Surlie Collections is “a brand-spankin’-new subscription service dedicated solely to pét-nat and created by a triumvirate of badass femmes whose love affair with the all-natural suds turned into a full-fledged subscription-service company,” says Vanessa Price, co-author of Big Macs & Burgundy. Pét-nat, short for pétillant naturel, translates to “natural sparkling” wine. “Producers take an unfinished or mid-fermentation wine and bottle it, letting the first fermentation finish in the bottle you drink it from,” Price explains. “Not only are they yummy tasting, they are truly Instagram worthy, coming in a rainbow of shades from electric purple to sunshine yellow to deeply hued magenta.” For $114, Surlie will ship four bottles to your door once each quarter, along with approachable tasting guides. Members also gain access “to virtual events and a chance to connect with others in the Surlie community,” adds Price. And if you’re pét-nat curious (but don’t want to commit to a subscription), the service also offer à la carte collections “curated for different palates, seasons, and price points.”
“Splash Wines Club offers a unique wine subscription that allows members to choose from a wide range of high-quality, competitively priced wines,” says Kostrzewa, adding that the selection ranges from classic vintages to offbeat choices to creative new releases. Where Splash excels is in subscription options, which include monthly, every other month, or quarterly shipments, and tiered pricing. Its cheapest option would be to receive six bottles a quarter for $59 a shipment; but if you want more deliveries, you can also opt to pay $59 for monthly or every other month shipments, too. If you pay $79 a shipment, those deliveries (whether every month, other month, or quarter) will include 15 bottles. If you pay an extra $10 on top of either of those options, you get access to higher-quality wines from its “vineyard collection.” And if you pay an extra $39 (for 6-bottle subscriptions) or $70 (for 15-bottle subscriptions), you get access to the highest-quality bottles from its “cellar collection.”

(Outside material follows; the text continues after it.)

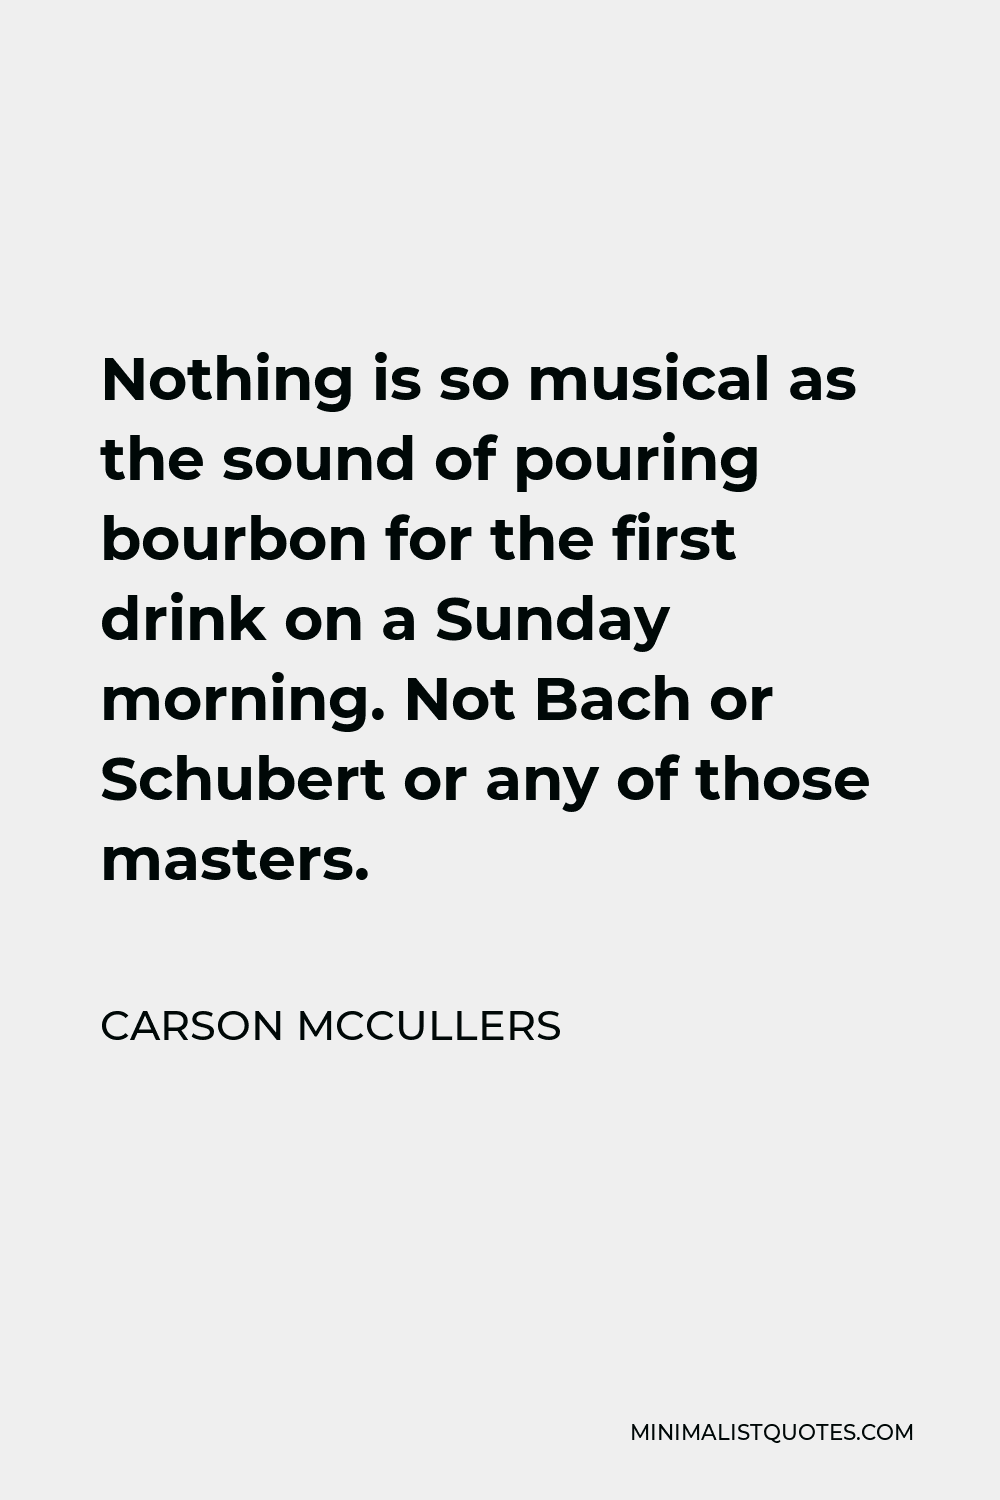 Carson McCullers Quote - Nothing is so musical as the sound of pouring bourbon for the first drink on a Sunday morning. Not Bach or Schubert or any of those masters.

Our friends over at Eater are as obsessive about food and drink as we are about shopping. That’s a big reason why we think anyone who likes wine should consider their recently launched subscription, which is basically the mail-order version of a trusted restaurant sommelier asking you to try their new favorite bottles each month. (November’s box, for instance, was curated by Zwann Grays, the beverage director at Brooklyn’s Olmsted and Maison Yaki.) “Every month we choose a new wine expert from a restaurant or shop that we love and they put together a box of restaurant-quality wine from small producers they’re excited about,” explains Eater editor-in-chief Amanda Kludt. Subscriptions, which start at $70 for two bottles, also come with newsletters that provide more information about the wines you receive and invites to virtual wine parties with experts, she adds. Eater also makes it easy to give others its wine subscription, which would make a great gift for a wine-drinker (as would any of the others listed here.)